* [MATERIAL PROVIDED]:
►

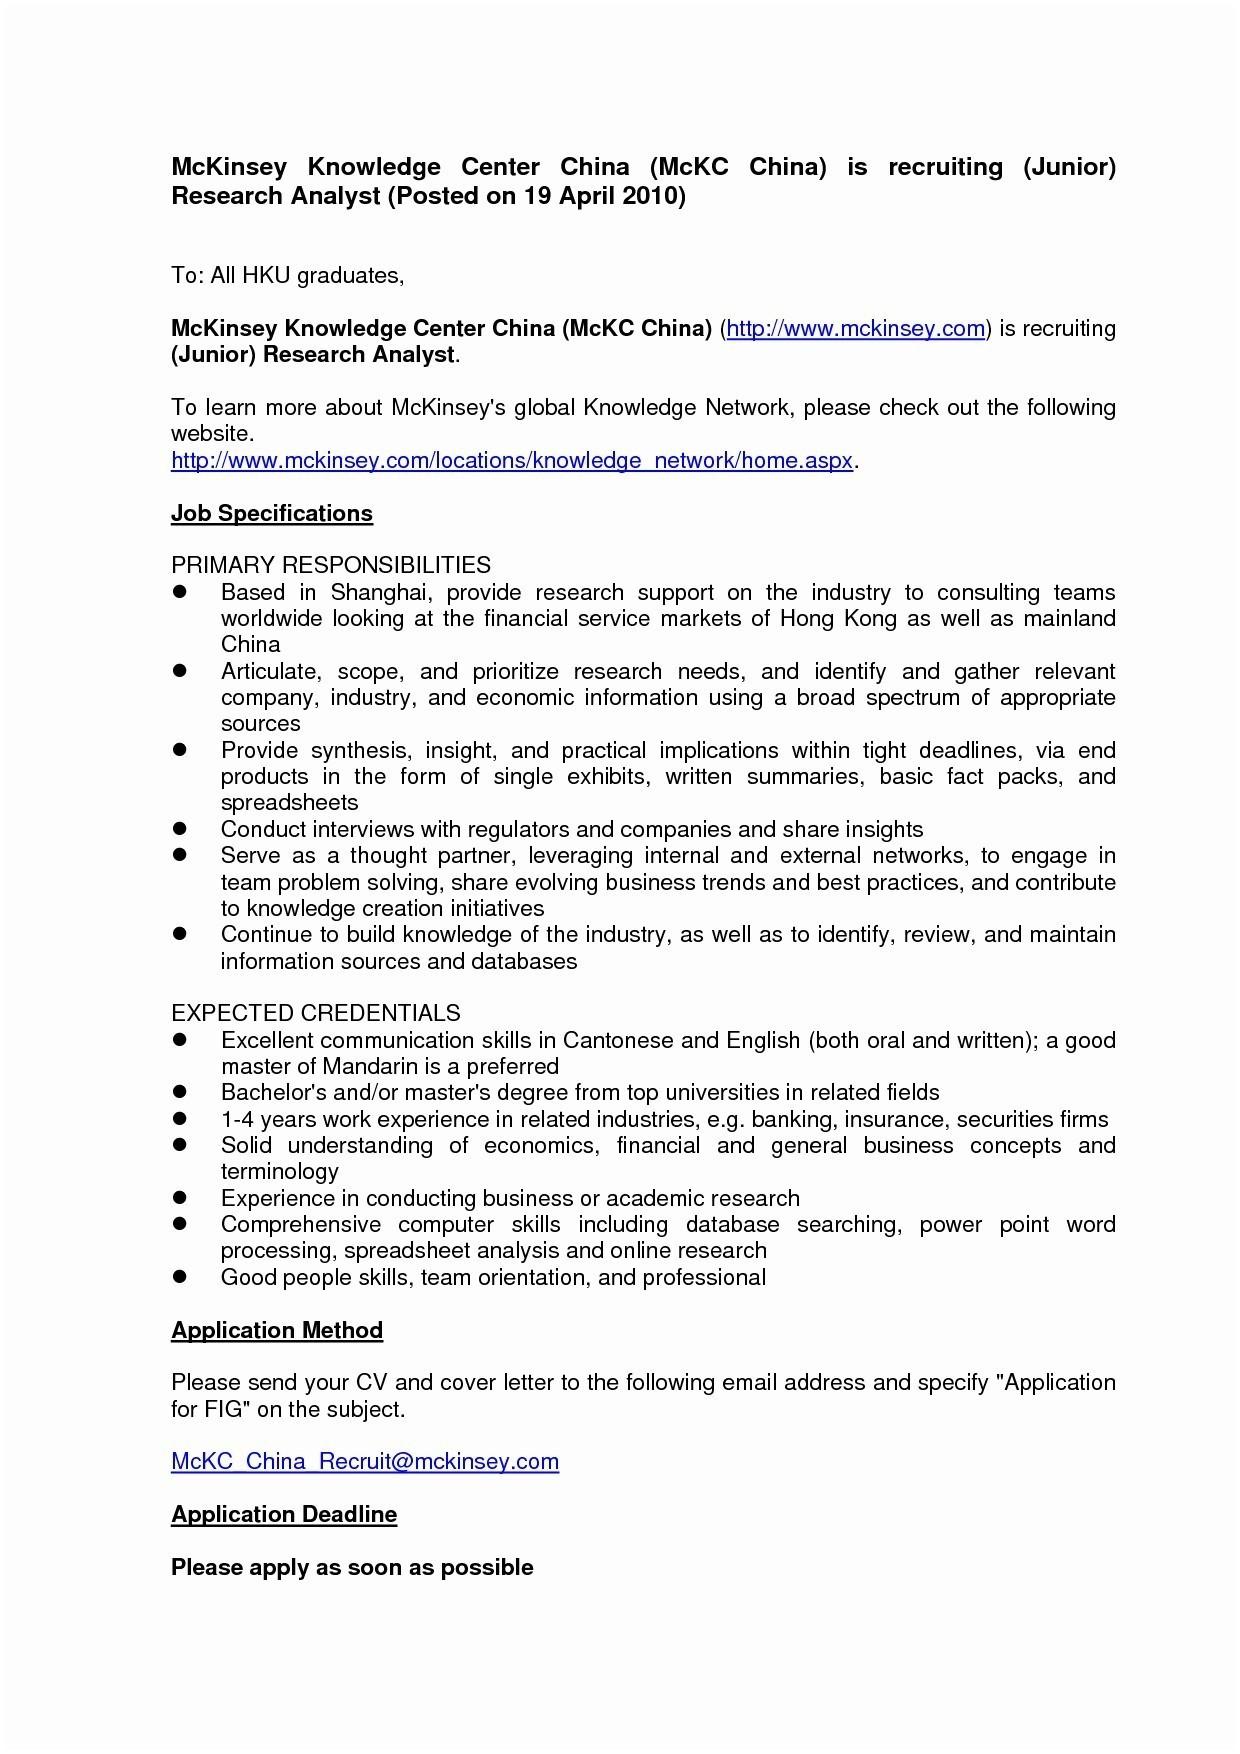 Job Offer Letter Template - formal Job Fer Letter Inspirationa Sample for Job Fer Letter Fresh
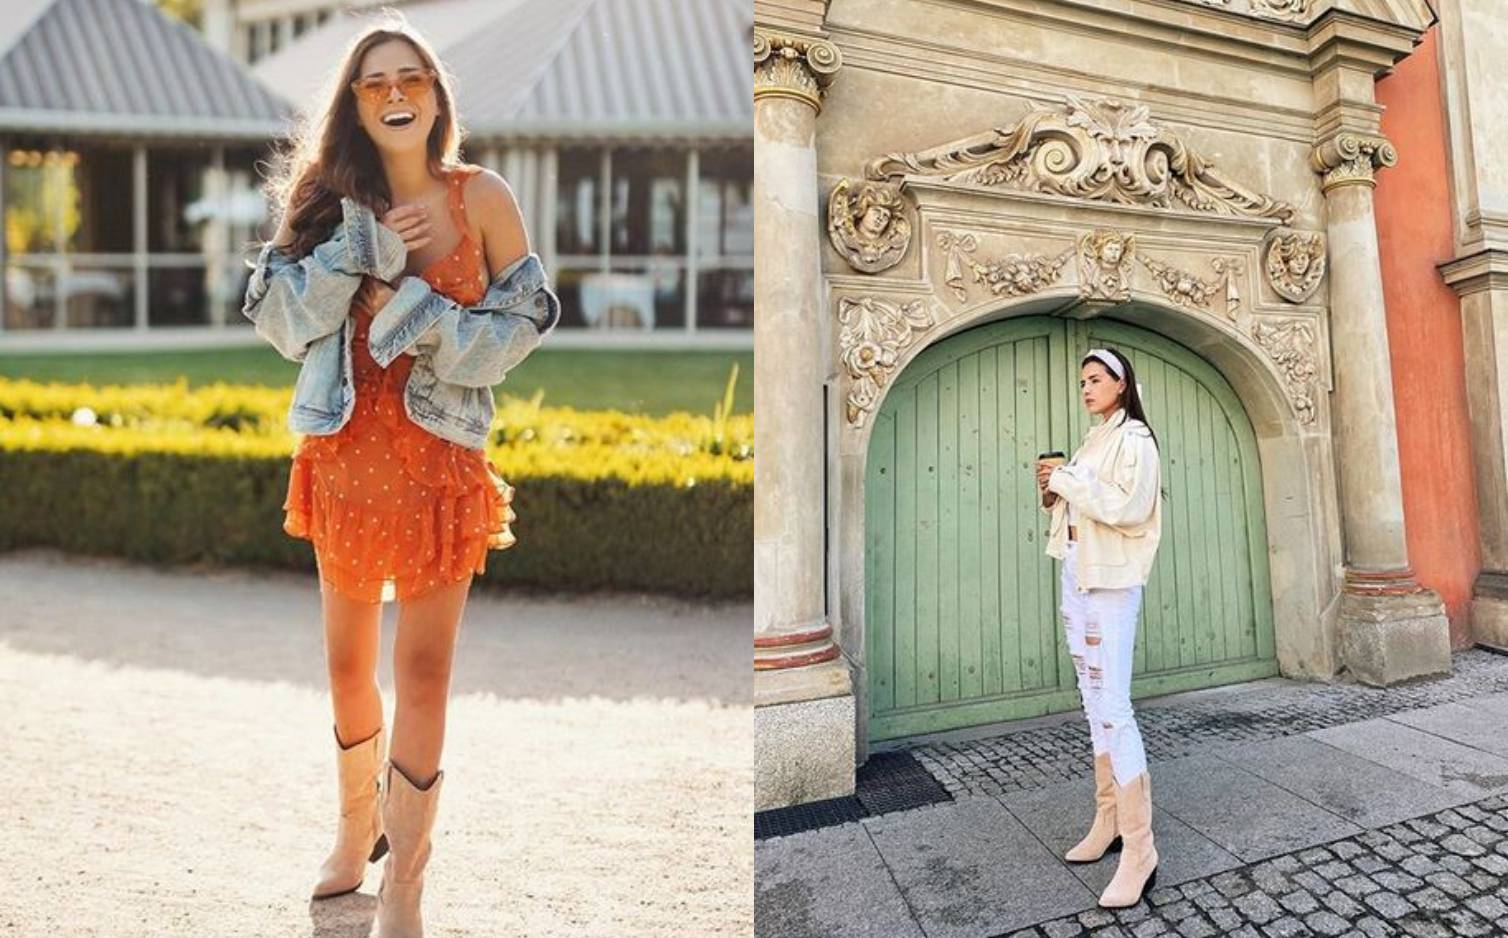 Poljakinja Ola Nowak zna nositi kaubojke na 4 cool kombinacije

◄
►

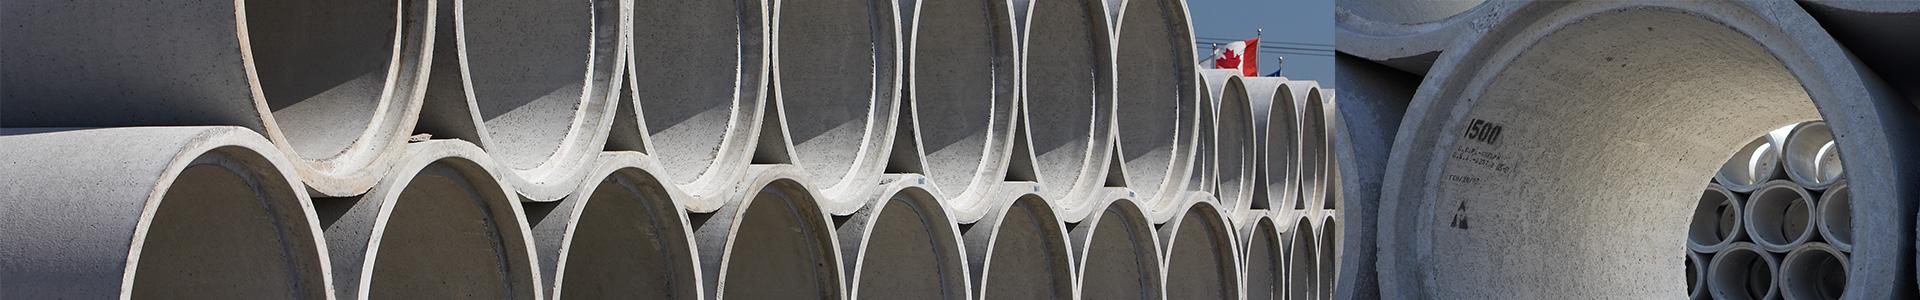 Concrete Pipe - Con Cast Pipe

◄

* [WORK REQUIRED]: Copy the lines above exactly, starting at the one with "Job Offer Letter" and ending at the one with "Poljakinja Ola Nowak", both included. Leave out any pictures and add nothing else.

* [TASK RESPONSE]:
 Job Offer Letter Template - formal Job Fer Letter Inspirationa Sample for Job Fer Letter Fresh
 Poljakinja Ola Nowak zna nositi kaubojke na 4 cool kombinacije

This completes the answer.